Instructions for the task: Please reproduce the data exactly and omit the pictures.

Source material:
[Start of section]

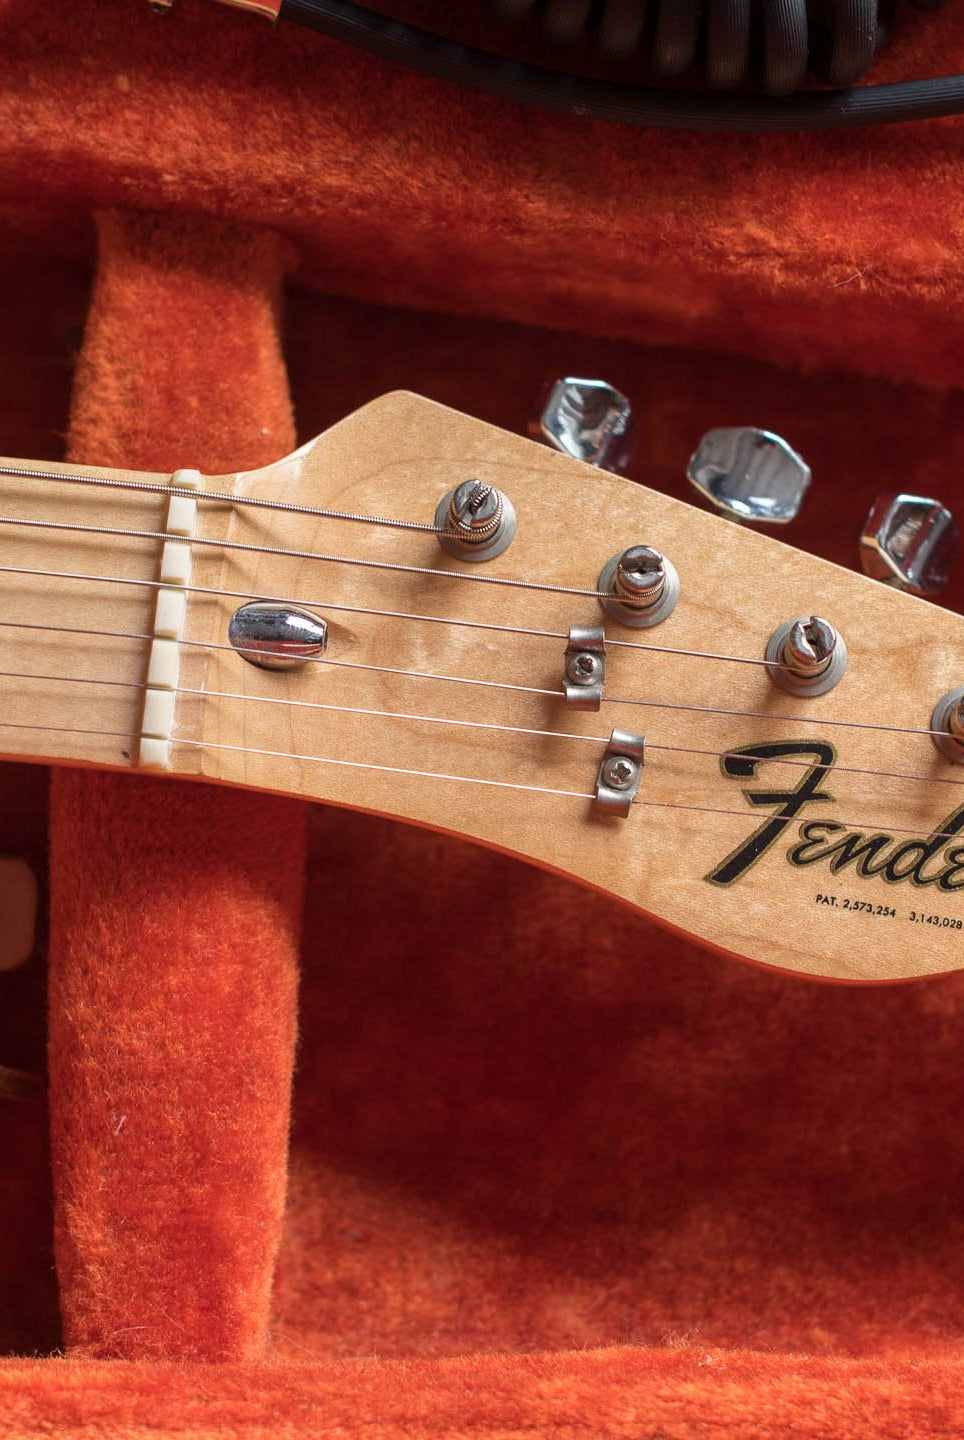 Vintage Guitar Library: book suggestion on vintage Fender Telecaster guitars
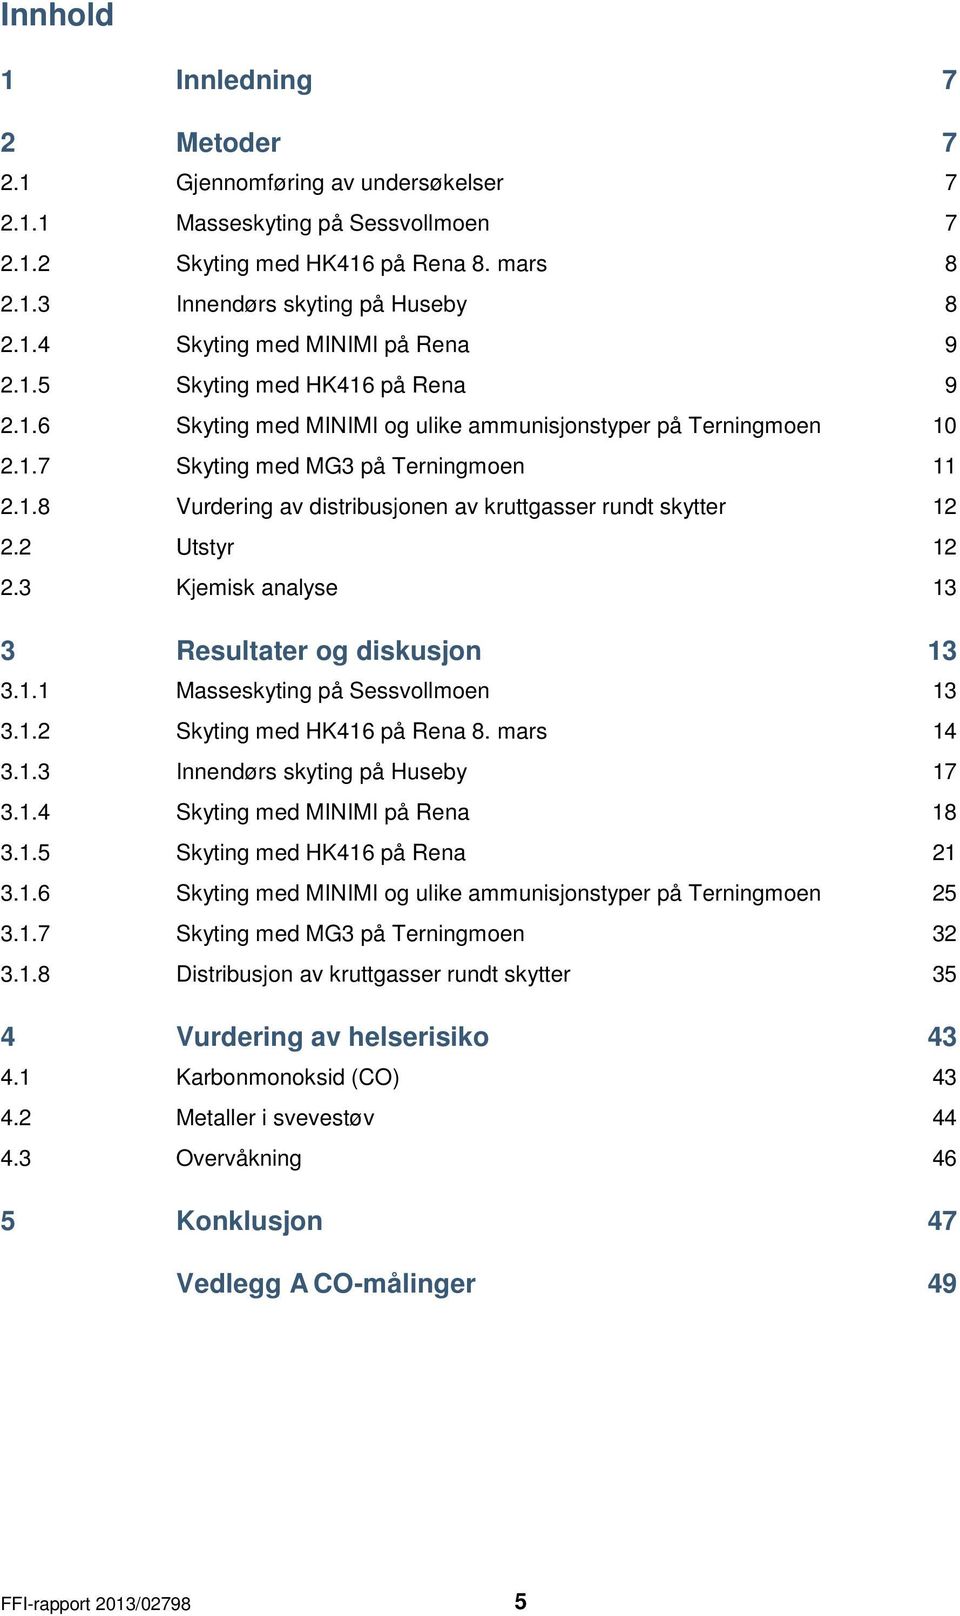 2 Utstyr 12 2.3 Kjemisk analyse 13 3 Resultater og diskusjon 13 3.1.1 Masseskyting på Sessvollmoen 13 3.1.2 Skyting med HK416 på Rena 8. mars 14 3.1.3 Innendørs skyting på Huseby 17 3.1.4 Skyting med MINIMI på Rena 18 3.
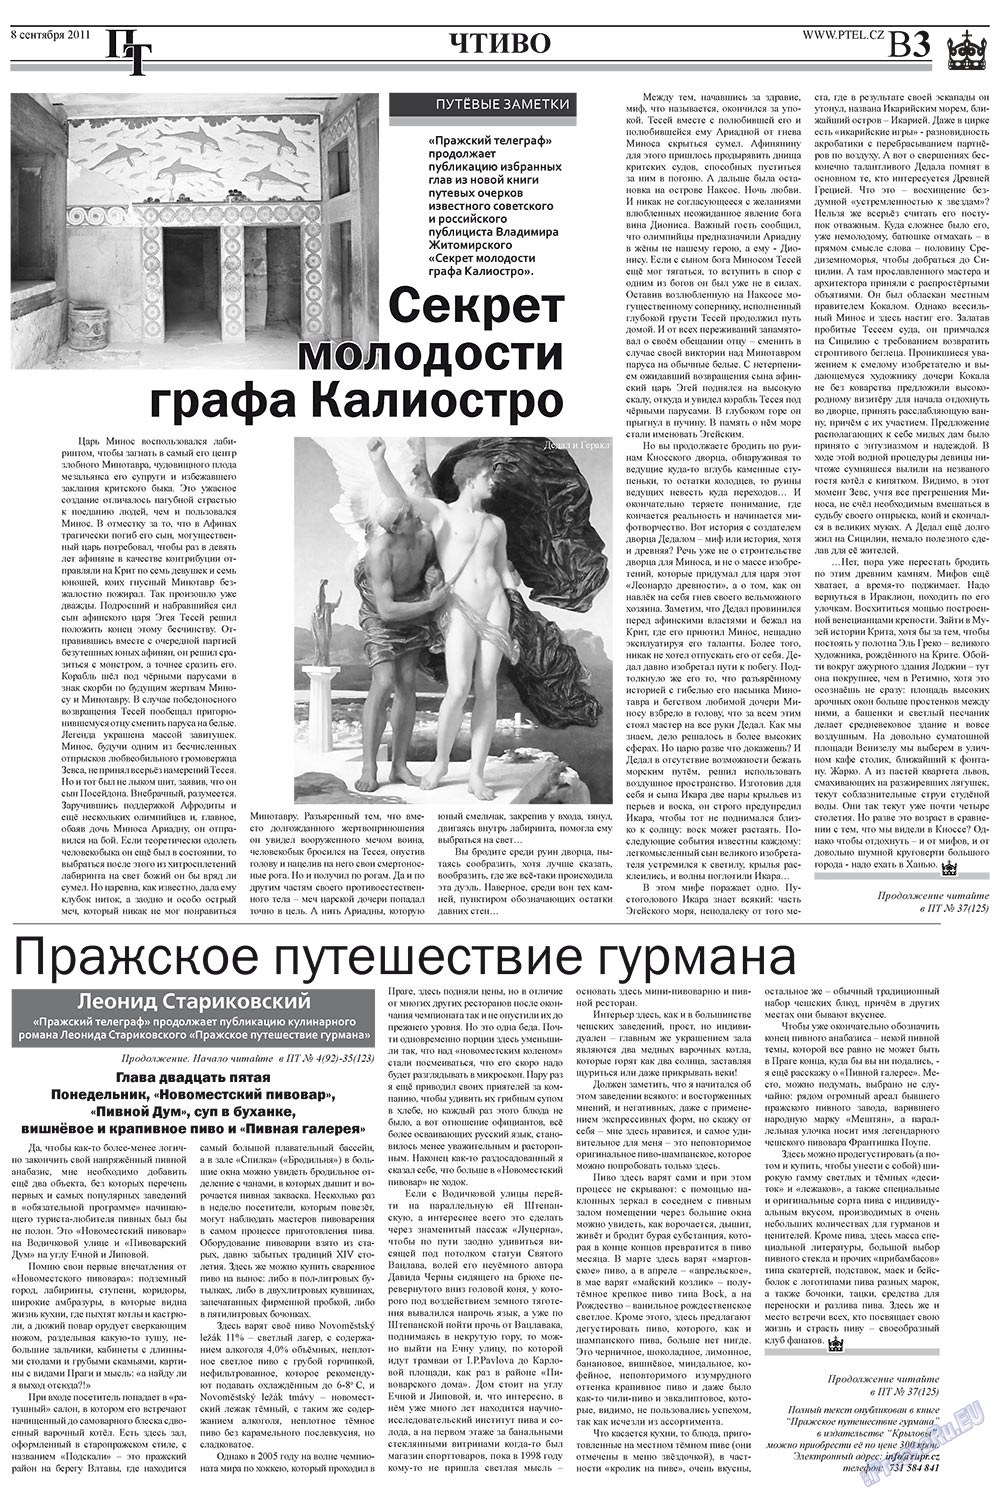 Пражский телеграф (газета). 2011 год, номер 36, стр. 11

[End of section]

Written answer:
 Vintage Guitar Library: book suggestion on vintage Fender Telecaster guitars
 2 Utstyr 12 2.3 Kjemisk analyse 13 3 Resultater og diskusjon 13 3.1.1 Masseskyting på Sessvollmoen 13 3.1.2 Skyting med HK416 på Rena 8. mars 14 3.1.3 Innendørs skyting på Huseby 17 3.1.4 Skyting med MINIMI på Rena 18 3.
 Пражский телеграф (газета). 2011 год, номер 36, стр. 11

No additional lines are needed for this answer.